In the early 1990s he became mayor of Managua after serving for two months as a councillor in Managua. He was popular due to his urban renewal projects which helped spruce up the city, severely damaged and never rebuilt after a 1972 earthquake. He became known as "El Gordo" ("The Fat Man").

Alemán became president of the Liberal Alliance and helped to resurrect it. Besides the PLC, other members of this alliance were the Partidos Neoliberal (PALI), Liberal Independiente de Unidad Nacional (PLIUN) and the Liberal Nacionalista (PLN). On 1 September 1995 he resigned as mayor in order to be able, under Nicaraguan law, to stand as a candidate in the forthcoming presidential election.

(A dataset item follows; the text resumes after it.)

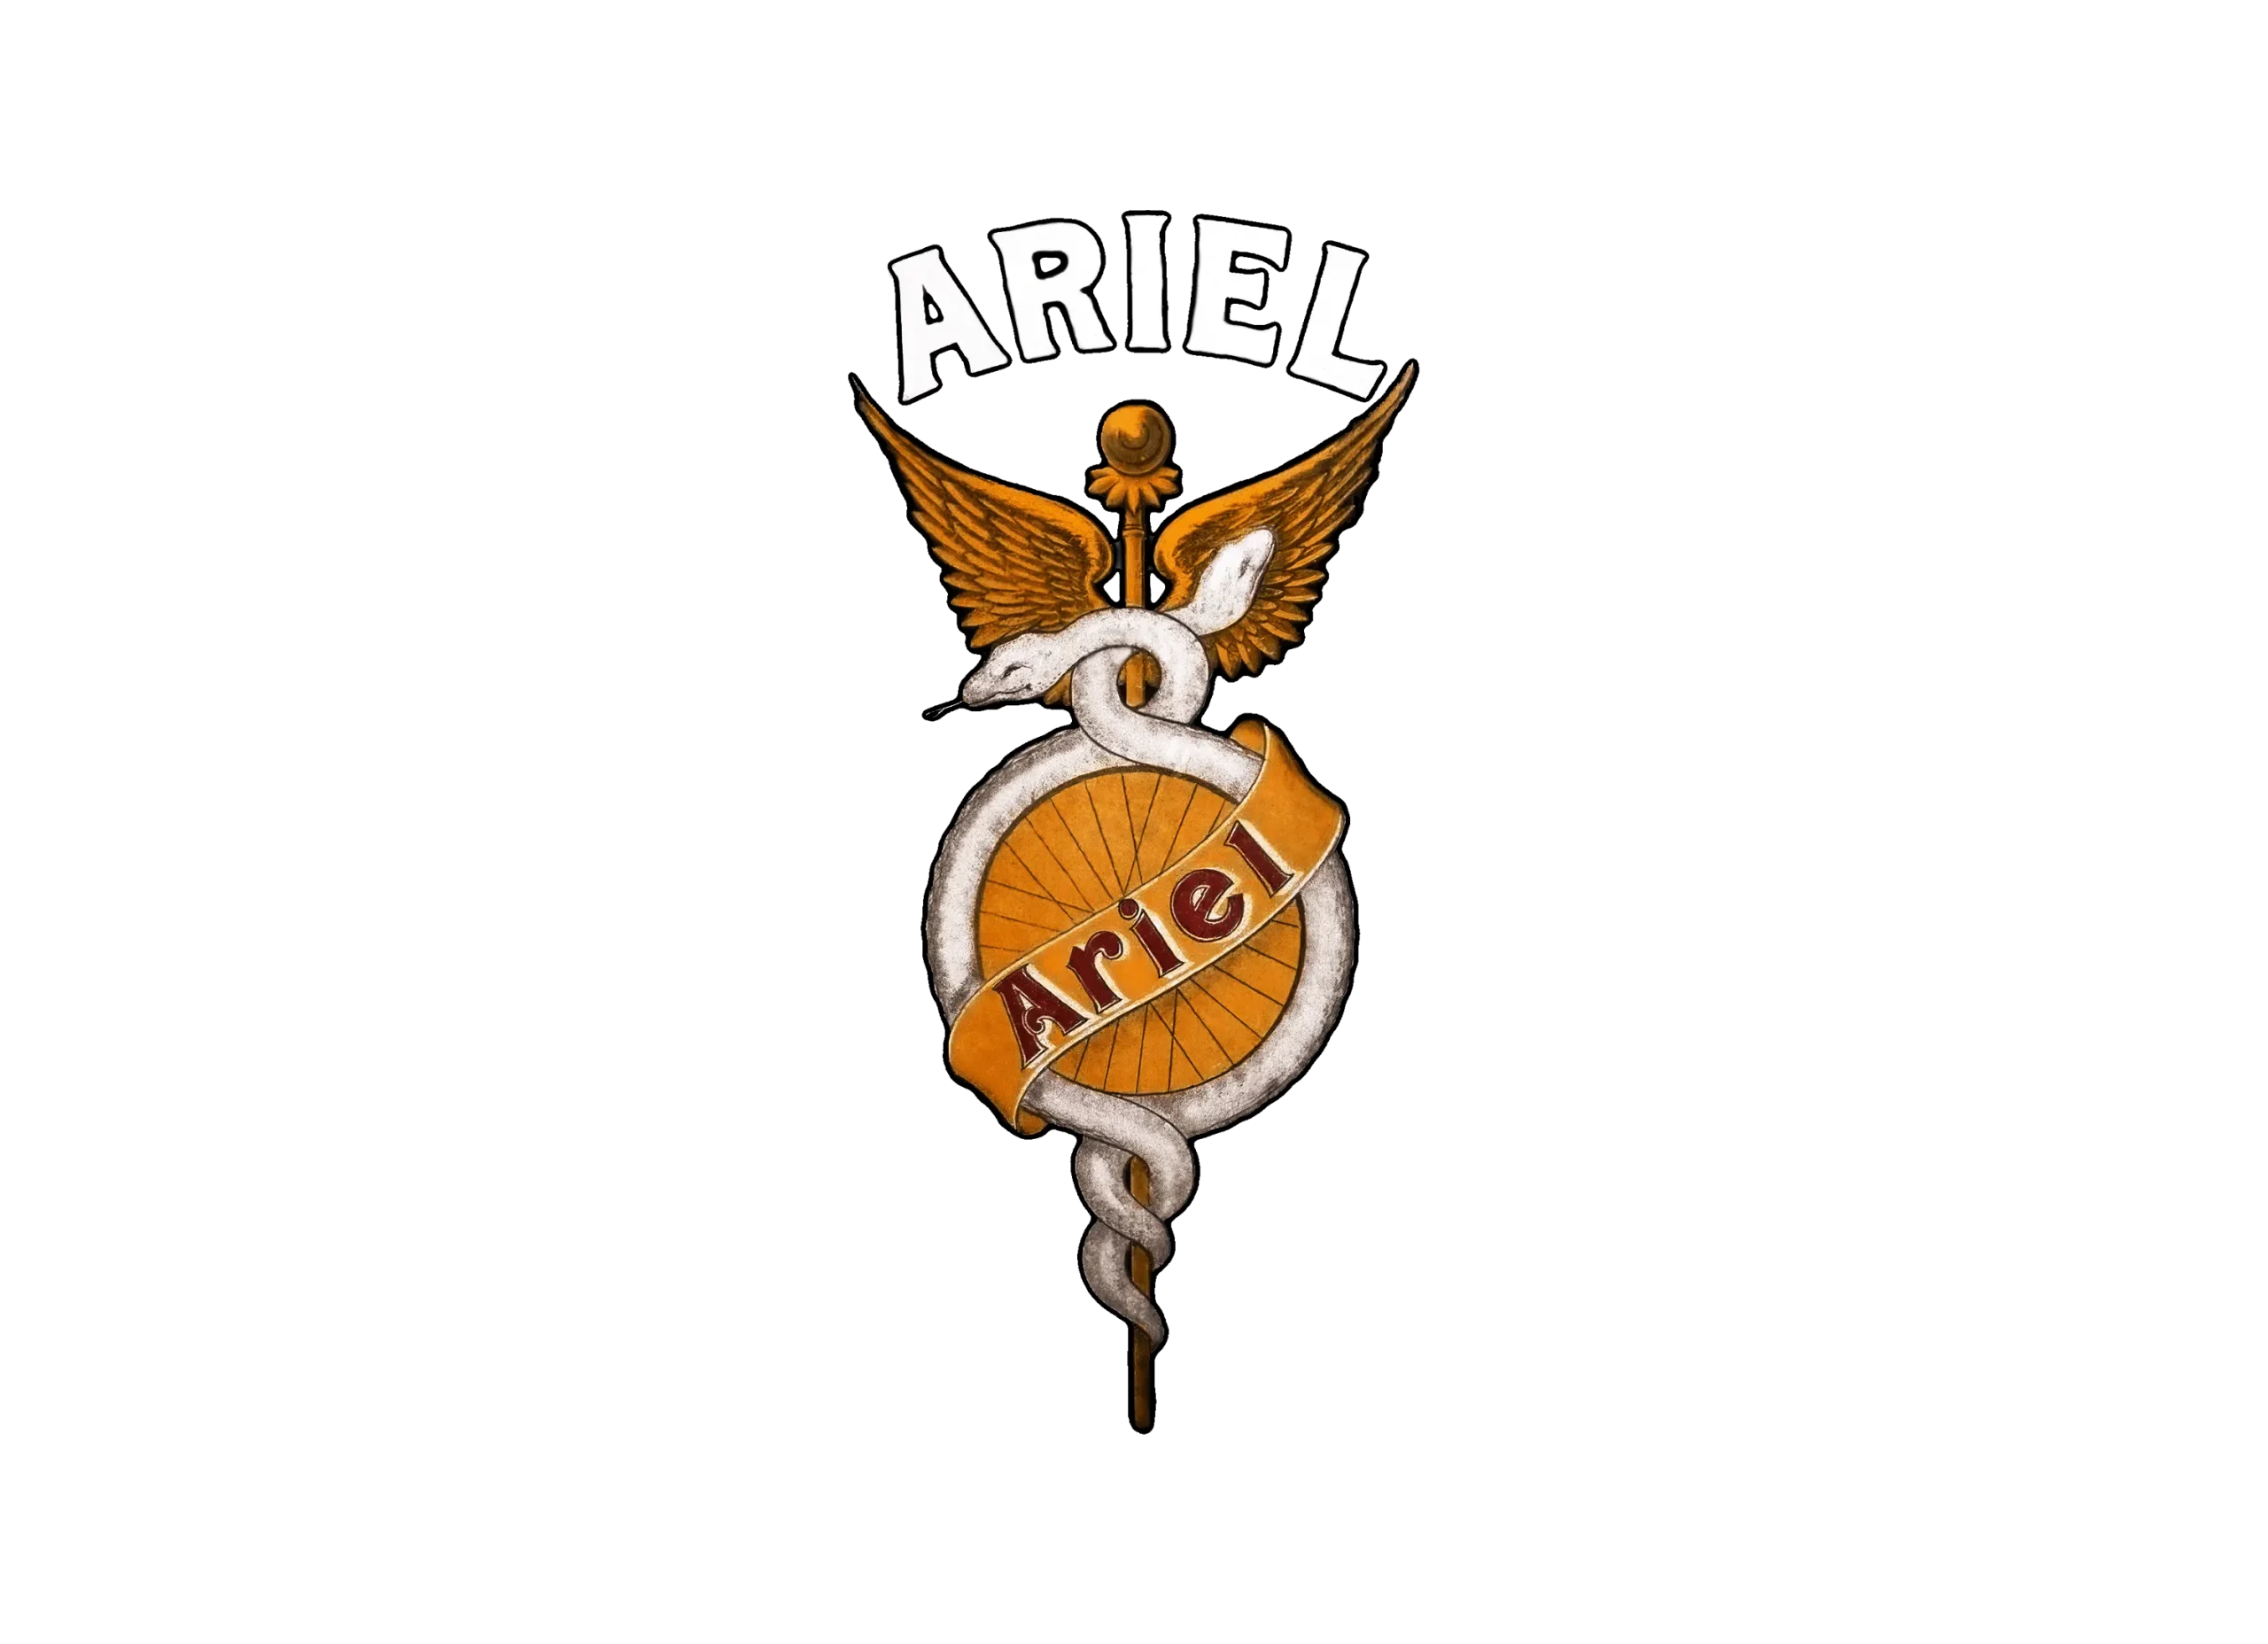 Ariel logo 1951-1970

In 1996 he campaigned for president as the Liberal Alliance's candidate under a strong anti-Sandinista platform. It is reported that unidentified individuals attempted to shoot Alemán, killing one of his bodyguards in the process. He defeated Daniel Ortega, the Sandinista leader, by 48% of the vote to Ortega's 40%. Many claimed widespread election fraud and Ortega refused to concede.

Alemán was successful in promoting economic recovery with reduced inflation and growth of GDP. Foreign investment grew during his administration, which helped to improve Nicaragua's infrastructure. Under his slogan of "Obras, no palabras!" ("Actions, not words"), Alemán directed a comprehensive reconstruction of the roadway system throughout Nicaragua. In the 1980s roads had deteriorated to the point that many were little more than sparsely paved dirt trails. Alemán also created a program to build schools throughout Nicaragua in some of the poorest regions.

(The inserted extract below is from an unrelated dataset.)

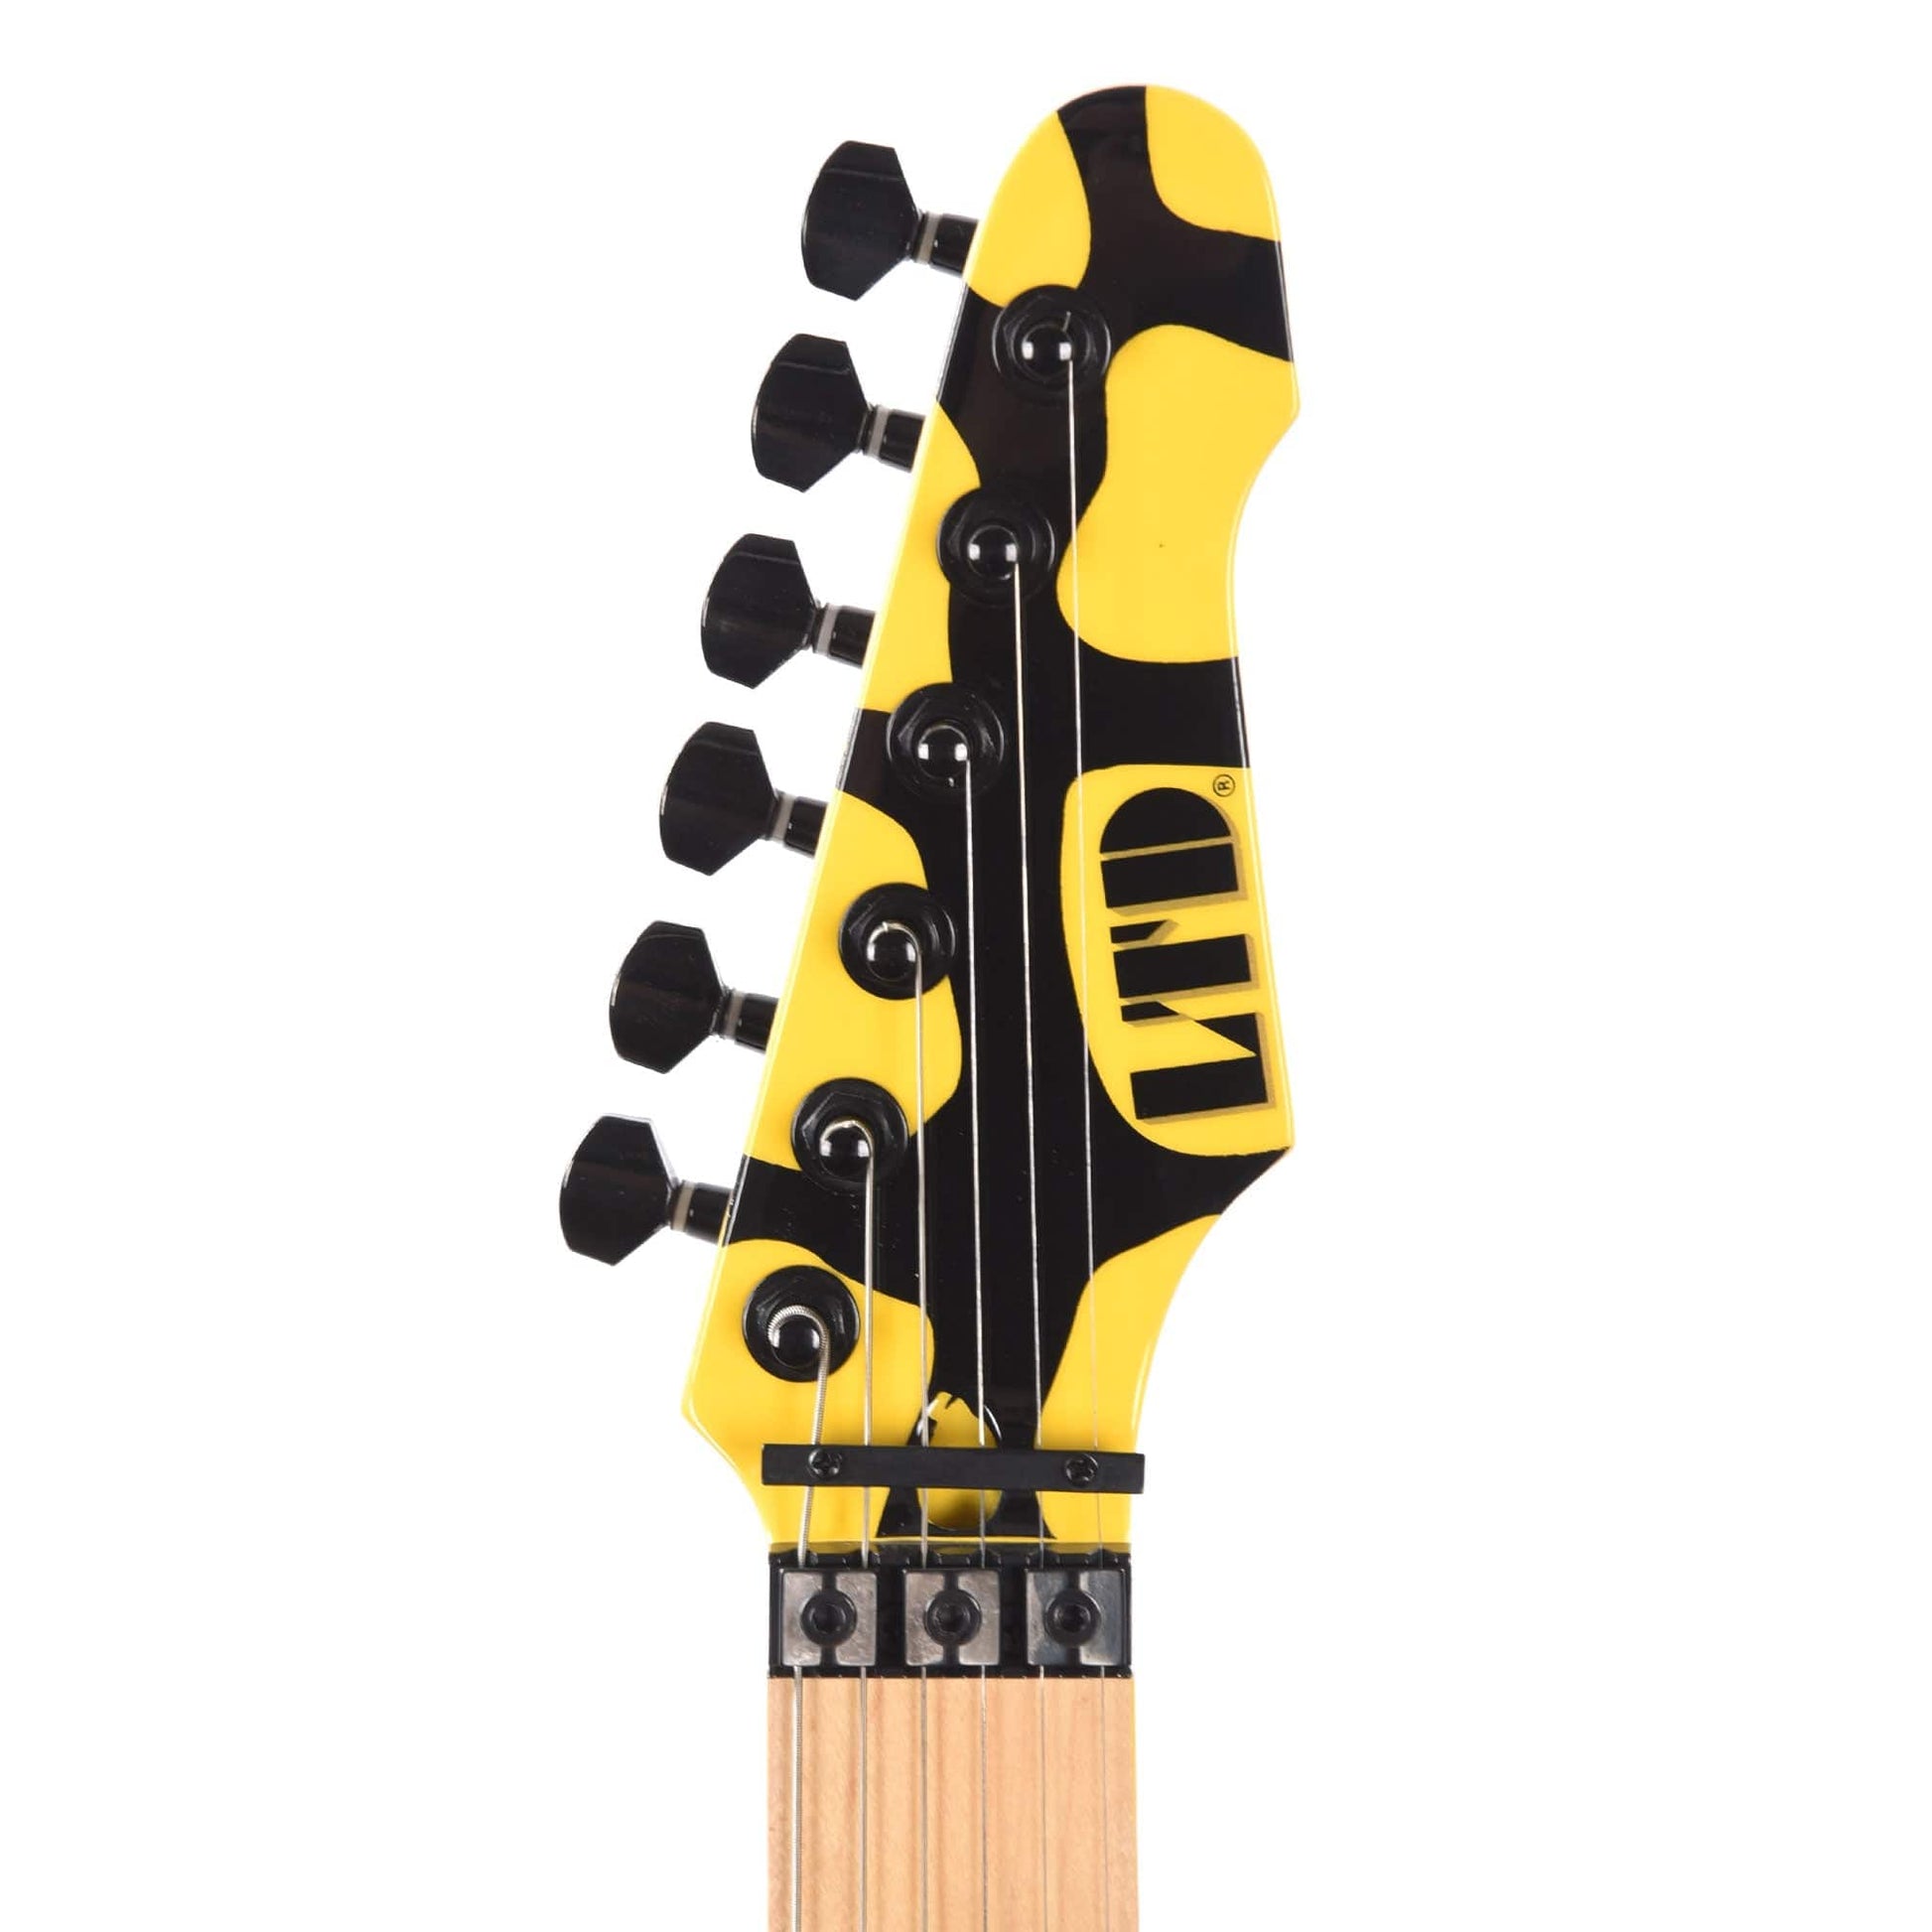 ESP LTD George Lynch GL-200MT Yellow w/ Tiger Graphic Electric Guitars / Solid Body

He has participated in international conferences and awards given to him include the Orden Nacional al Mérito of the Colombian government and the Orden de Isabel la Católica of the Spanish government.

His first wife, Maria Dolores Cardenal Vargas died of cancer in 1989. Alemán has two sons and two daughters by his first wife. On 23 October 1999, ten years after the death of his first wife, he married Maria Fernanda Flores Lanzas, with whom he has two daughters and a son.

== Electoral history ==

=== Elections for mayor of Managua 1990 ===

Managua mayor elected by acclamation of the Managua City Council 26 April 1990.

Alemán, a lawyer by profession, was one of the 20 councilors of the National Opposition Union (UNO), elected for a term of six years in general elections and municipals of 25 February 1990. Of these 20 councilors, 16 belonged to the UNO, and the other 4 the Sandinista National Liberation Front. Subsequently, at its first session, the city council chose from among its members Alemán the mayor of Managua, and engineer Roberto Cedeño Borgen as vice mayor.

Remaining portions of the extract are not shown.